In effective argumentation, persuasion, written memoranda, oral presentation, and the entire spectrum of attempting to convince the “other side” of the validity, force, appropriateness, and viability of any administrative or legal filing of any nature, it is often a useful tool to attempt to view an issue from that “other” perspective.

Remember that, in filing a Federal disability retirement application under FERS or CSRS, it is good to consider the fact that the OPM representative who will be reviewing your particular application, merely sees your application as one among hundreds of files assigned to him or her.  With that in mind, the essential question becomes: How can my particular application, as one among many, be reviewed in such a way that it “stands apart” so that it will be quickly approved? If you ask that question, or any variation of such a question, then you may be taking a wrong approach.

Remember that filing for disability retirement under FERS or CSRS is not like applying for a job; you are not filing a resume that needs to stand out; rather, it is often best if your particular application is nothing more than a “run of the mill” application — with strong, unequivocal and irrefutable medical evidence, along with strong legal arguments to support your case.

Yes, of course your Applicant’s Statement of Disability should explicitly describe the human condition of medical disablement; yes, the “nexus” between your medical condition and your job should be carefully constructed; but no, your application should not necessarily “stand out” as uniquely different — for such an application will often be viewed as “suspicious” and “over-stated”, and may well lead to not just a first viewing, but a re-viewing, and a possible denial

Sincerely,

Robert R. McGill, Esquire

OPM Disability Retirement: The Filing II

People often come to me at the 2nd (Reconsideration) Stage, or the 3rd (Merit Systems Protection Board) Stage, and ask that I correct the mistakes made in the initial filing. Most mistakes can be corrected. Of course, it would have been better if the Applicant had done it properly the first time, for once the Office of Personnel Management views something which should not have been submitted, it cannot be easily retracted — only further explained.
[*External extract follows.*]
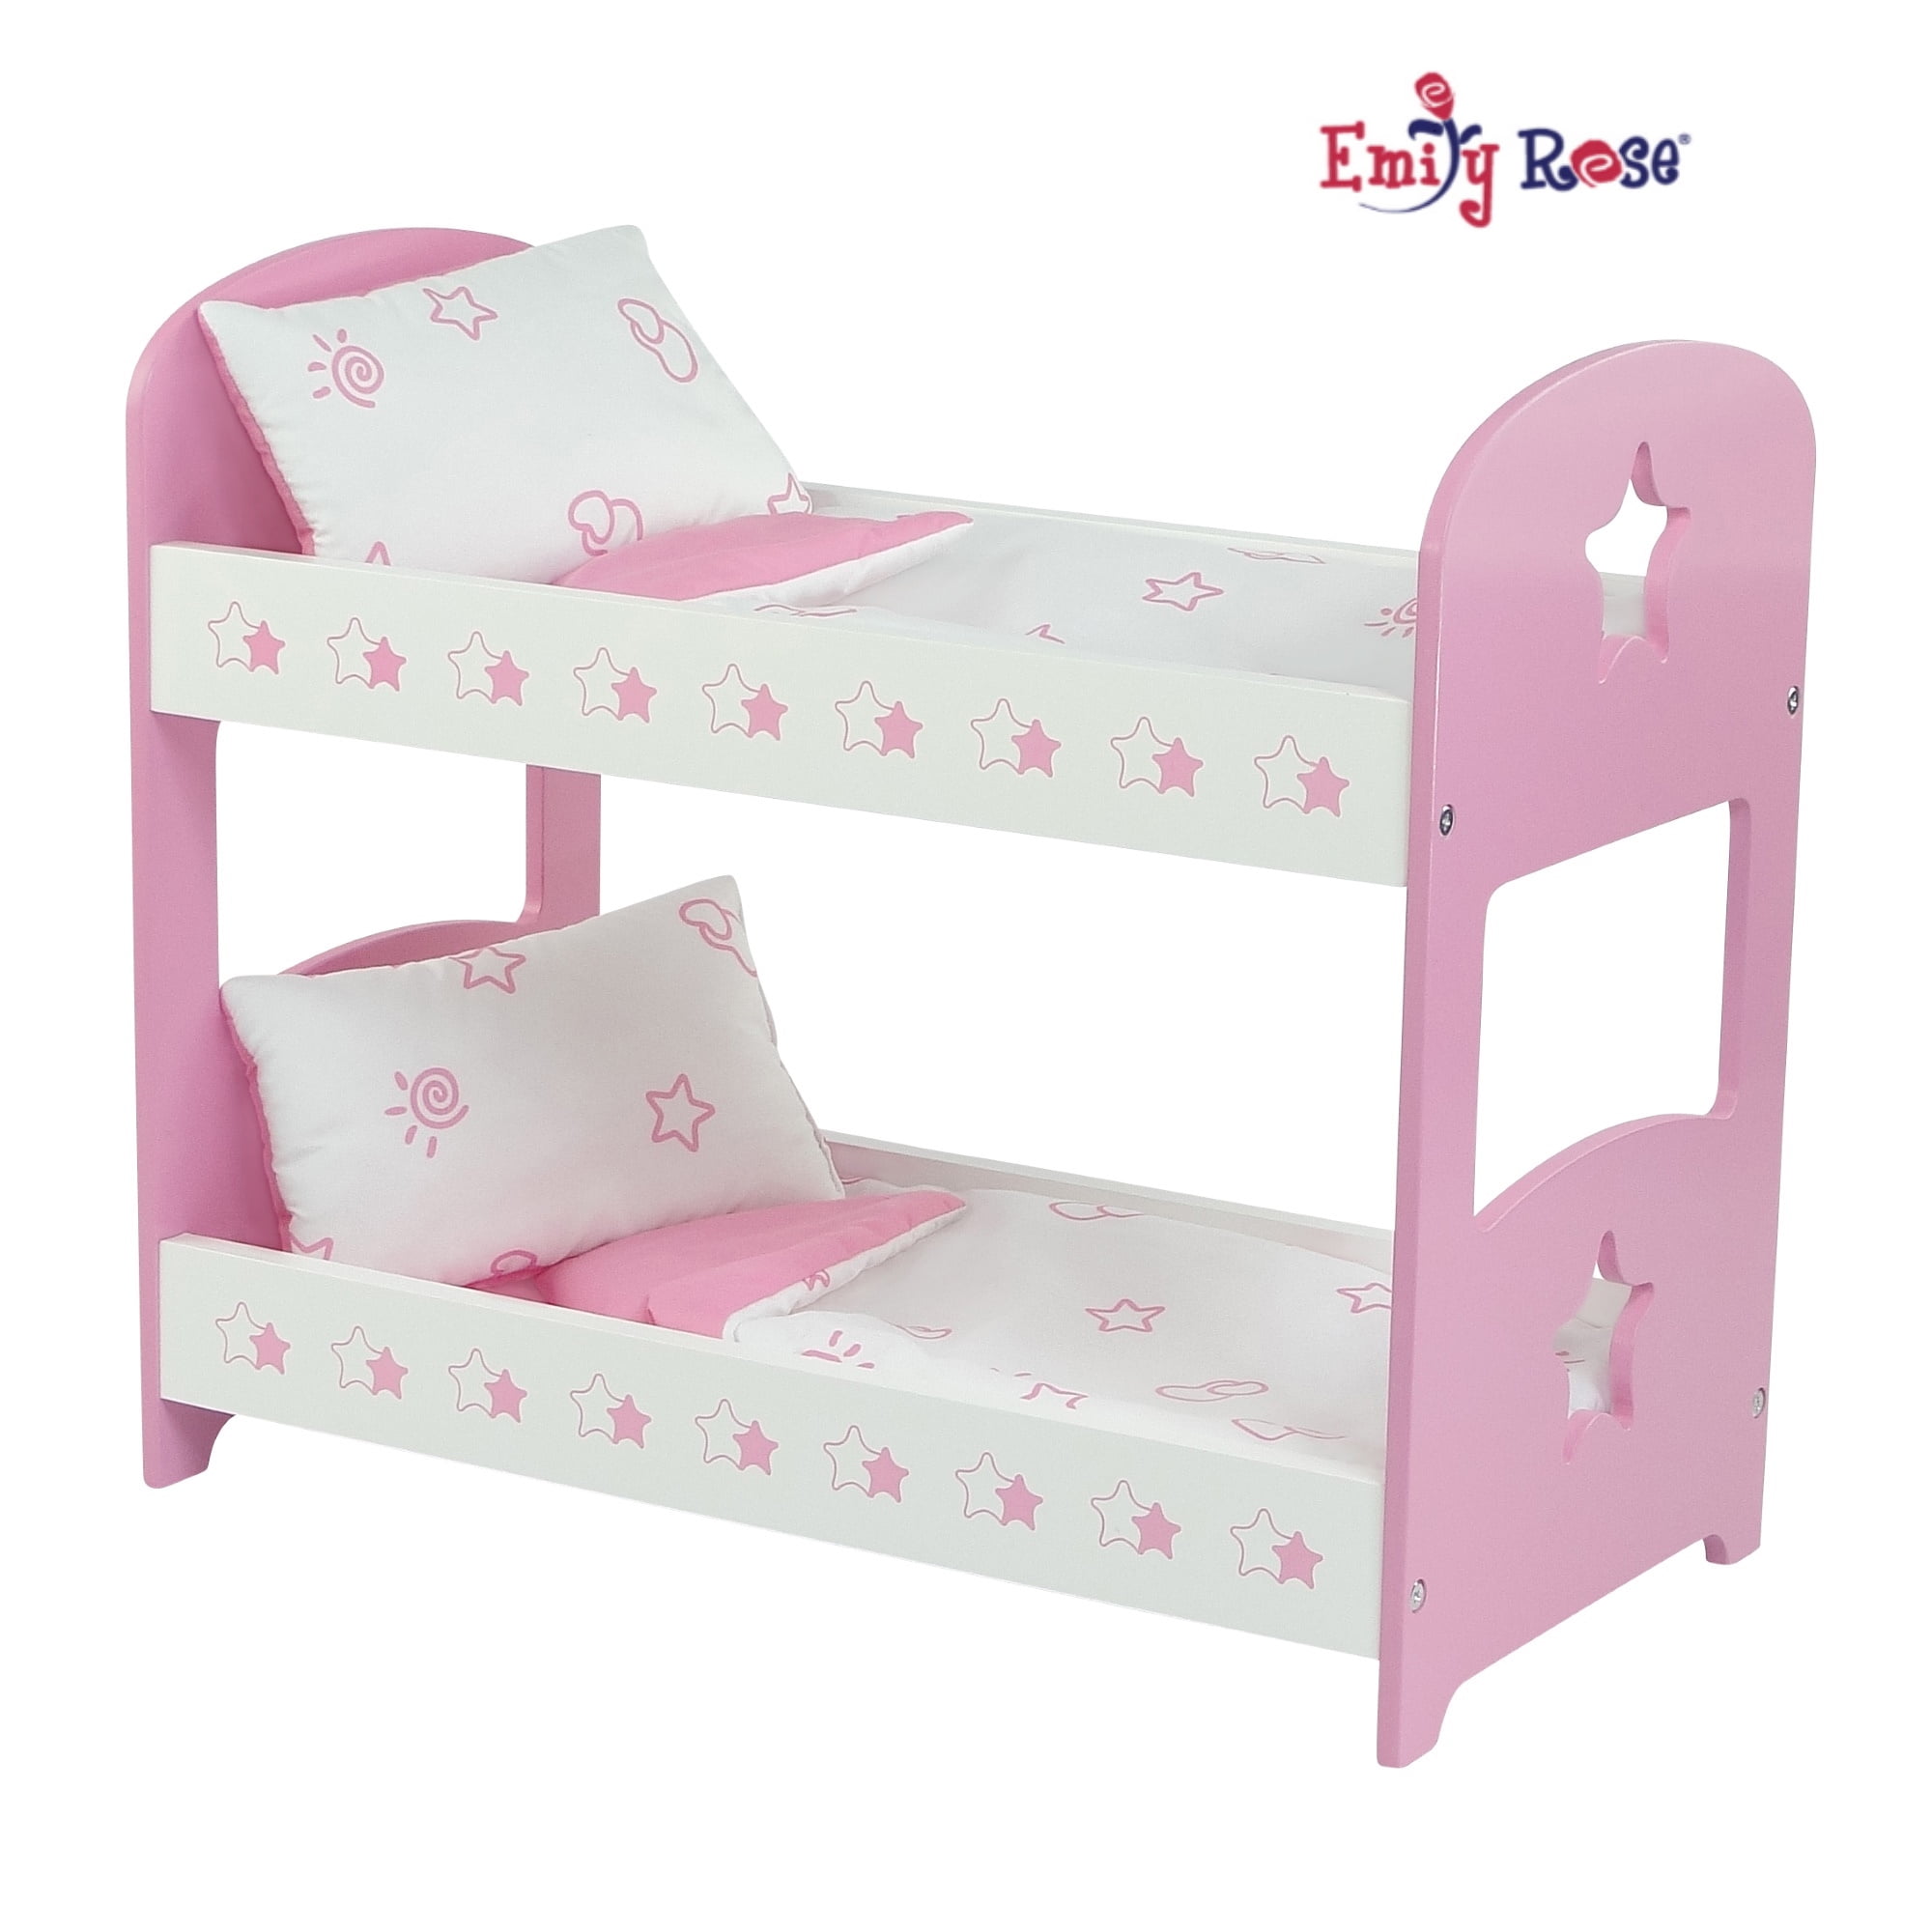 18 Inch Doll Bunk Bed Furniture, 18 Doll Bunk Bed

There are, moreover, certain mistakes which cannot be “explained away” — such as deliberate omissions or deceptions. Thus, if the Office of Personnel Management gets the idea that there is an element of deceptiveness in a disability retirement application — either through omission or deliberate avoidance of an issue — then it becomes a difficult case to win. Honesty is always the best policy, and no Disability Retirement applicant should ever engage in any act of covering up any information. This is conceptually different from emphasizing the elements in a disability retirement application which favor an approval, as opposed to de-emphasizing those elements which tend to obscure the primary elements of an application. Such artful emphasis/de-emphasis should always be a part of every disability retirement application, coordinating the Applicant’s Statement of Disability with supporting medical documentation, to convey a consistent “whole” to the Office of Personnel Management.

Sincerely,

Robert R. McGill, Esquire

Additional Guidance on Disability Retirement Supervisor’s Statement

Some have asked me whether acceptance of a temporary light duty assignment is of concern in a disability retirement application. If you look at SF 3112B (Supervisor’s Statement), Section E(3), the question is whether the employee has “been reassigned to ‘light duty’ or a temporary position?
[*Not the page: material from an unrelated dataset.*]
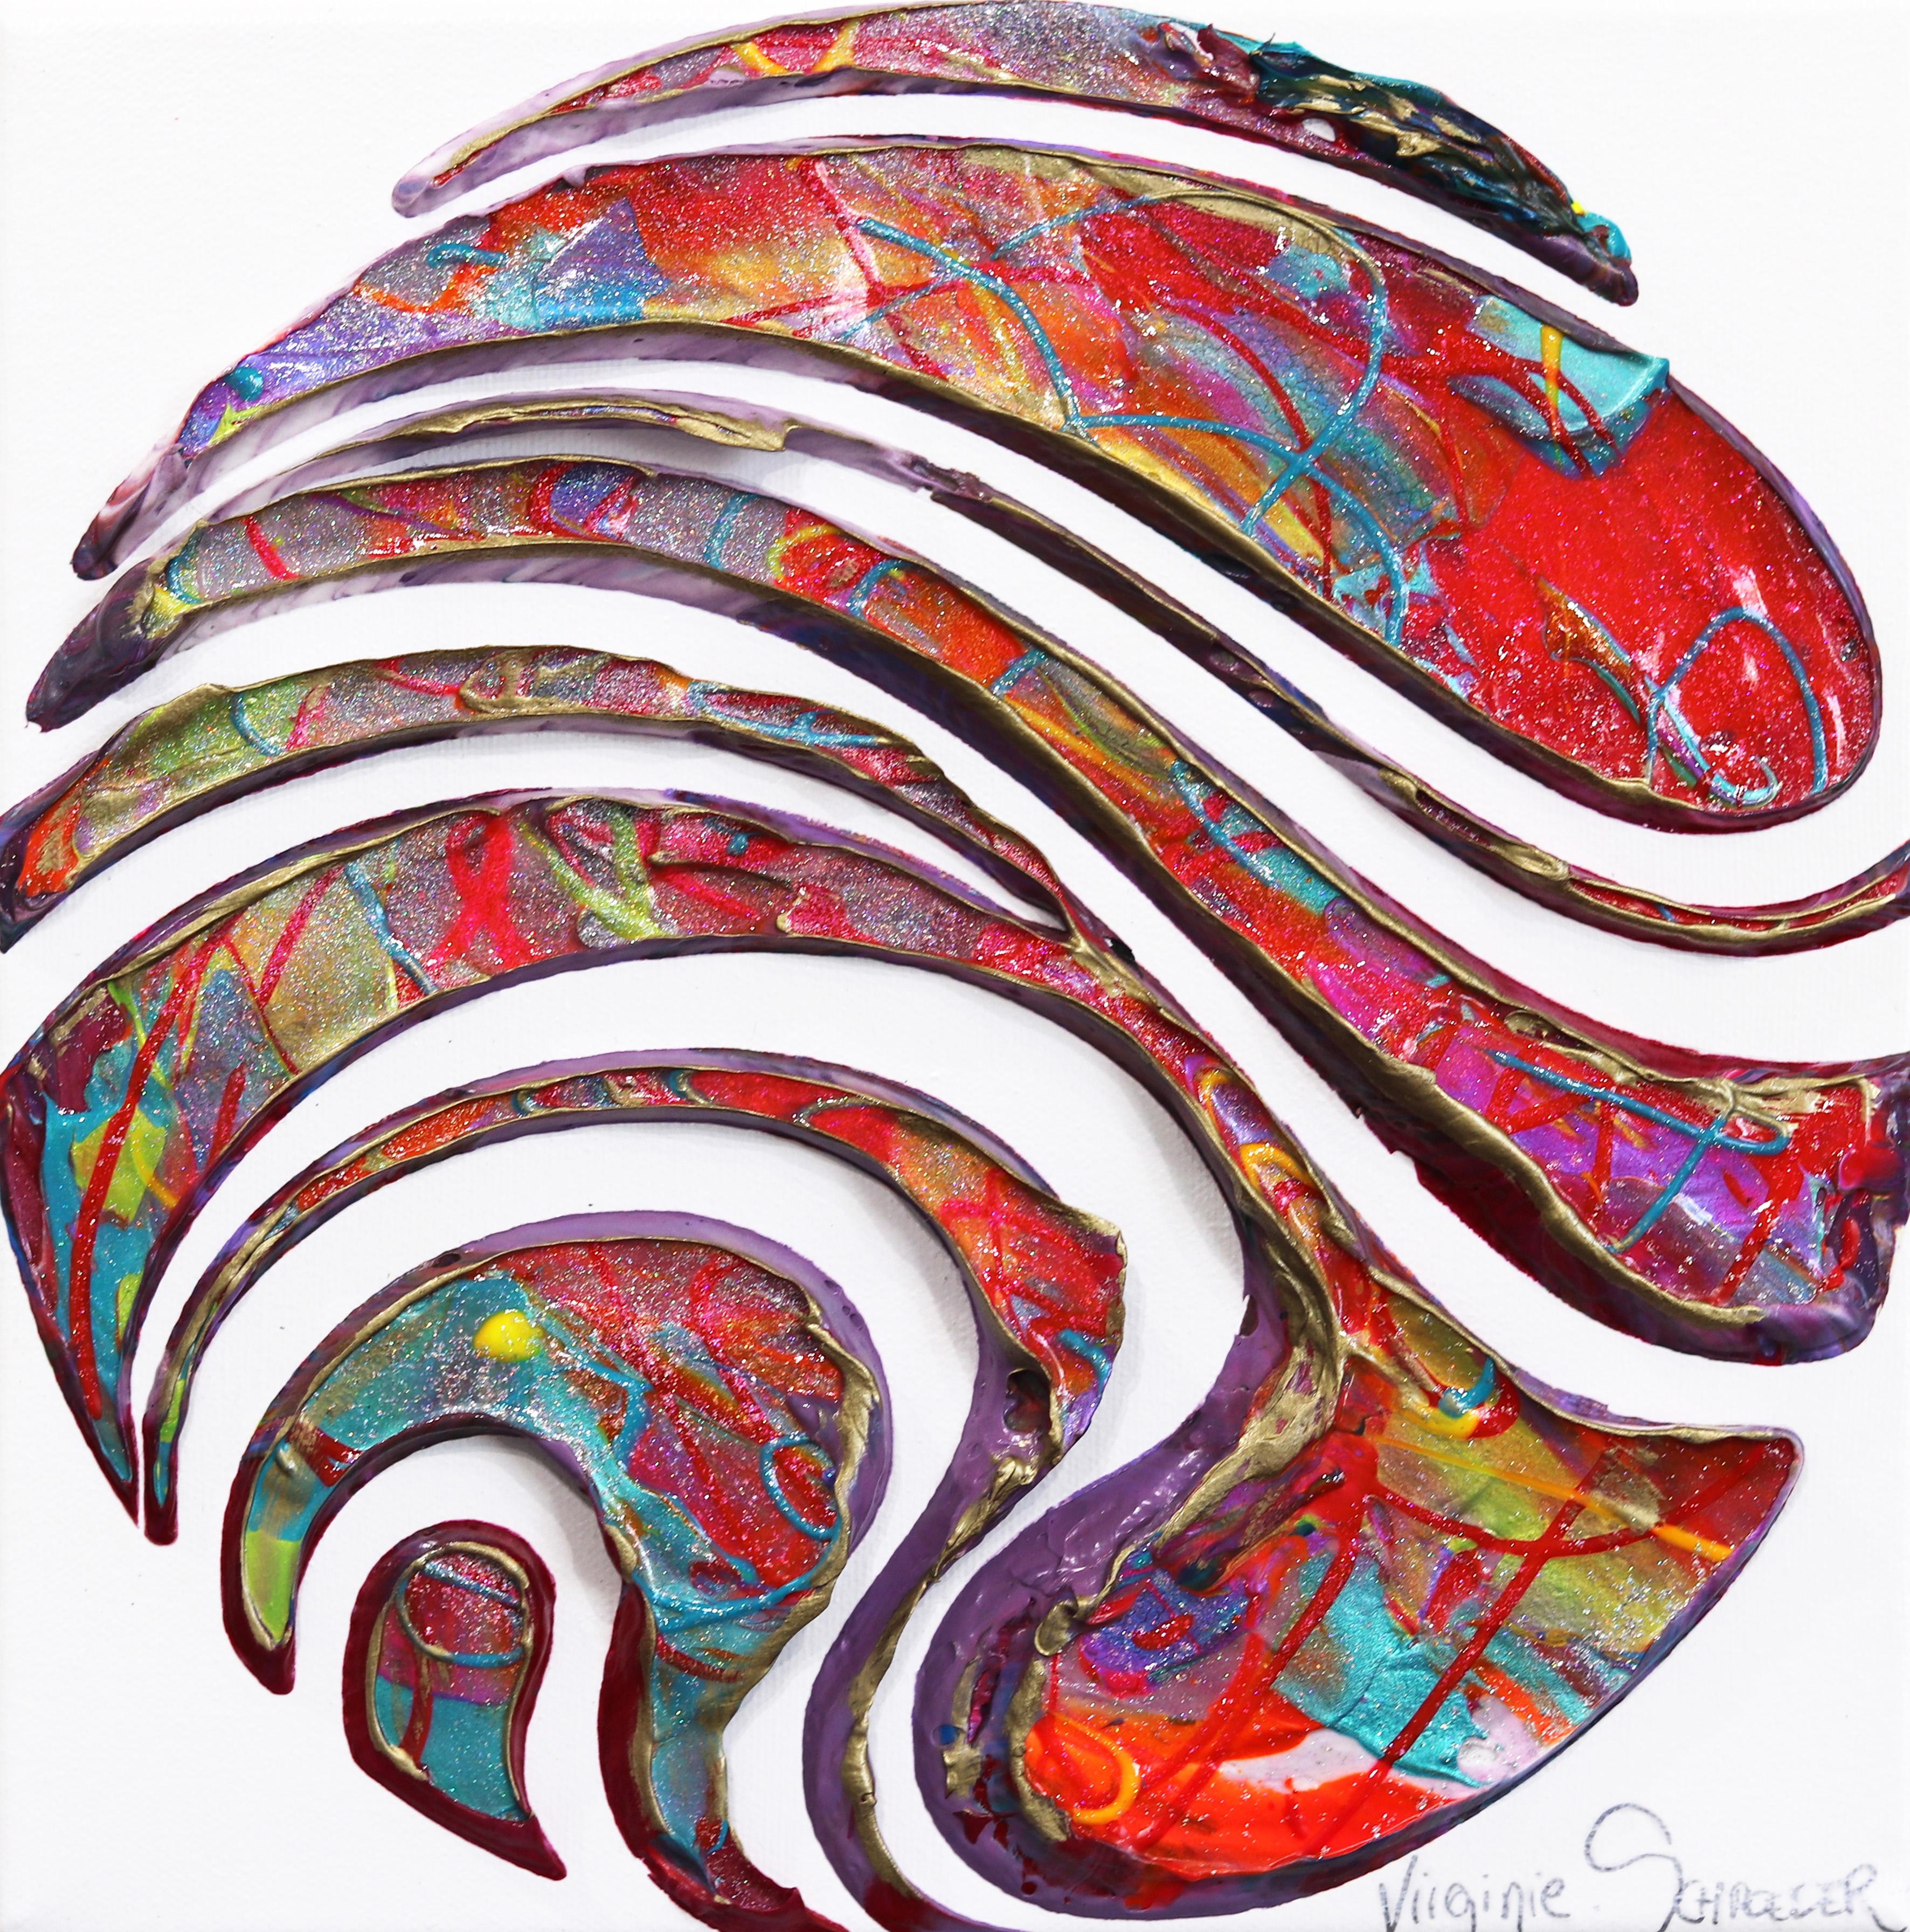 Find Your Dream and Focus - Colorful Abstract 3D Circle Textural Painting - Art by Virginie Schroeder

If the Supervisor answers “No”, then of course there is no issue which would arise which would impact a disability retirement application; if the Supervisor answers “yes”, then it can actually be used as an argument for a disability retirement application, because it can be argued that the fact that the Agency has reassigned the applicant to a temporary “light duty” position is additional evidence of the acknowledgment by the Agency that the applicant could not perform one or more of the essential elements of one’s job, and therefore in such recognition, the Agency provided for a temporary light duty assignment. Acceptance of such an assignment is not a bar to disability retirement, precisely because it is not a “reassignment” to a “vacant” position, as required in the case of Bracey v. OPM.

Sincerely,

Robert R. McGill, Esquire

CSRS & FERS Disability Retirement: Be Careful

As part of a Federal or Postal employee’s process of filing for Federal Disability Retirement benefits, one may have to negotiate, respond to, or fight against an unfair Agency’s attempt to remove the Federal or Postal employee — based upon factors other than what is truly the underlying basis — of his or her medical inability to perform the essential elements of the Federal job.
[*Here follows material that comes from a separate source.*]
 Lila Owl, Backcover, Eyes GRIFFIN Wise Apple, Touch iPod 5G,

For whatever reason — of incompetence, of pure unkindness, of personal vendettas, etc. —  Agencies will often refuse to remove an individual for the administratively neutral reason (by “neutral”, to mean that it is not an “adverse” action) of “medical inability to perform the essential elements of the job”.  Instead, they will often revert to other reasons:  “excessive absences”, “AWOL”, “excessive LWOP”; “violation of a PIP”, and other such overtly misleading reasons.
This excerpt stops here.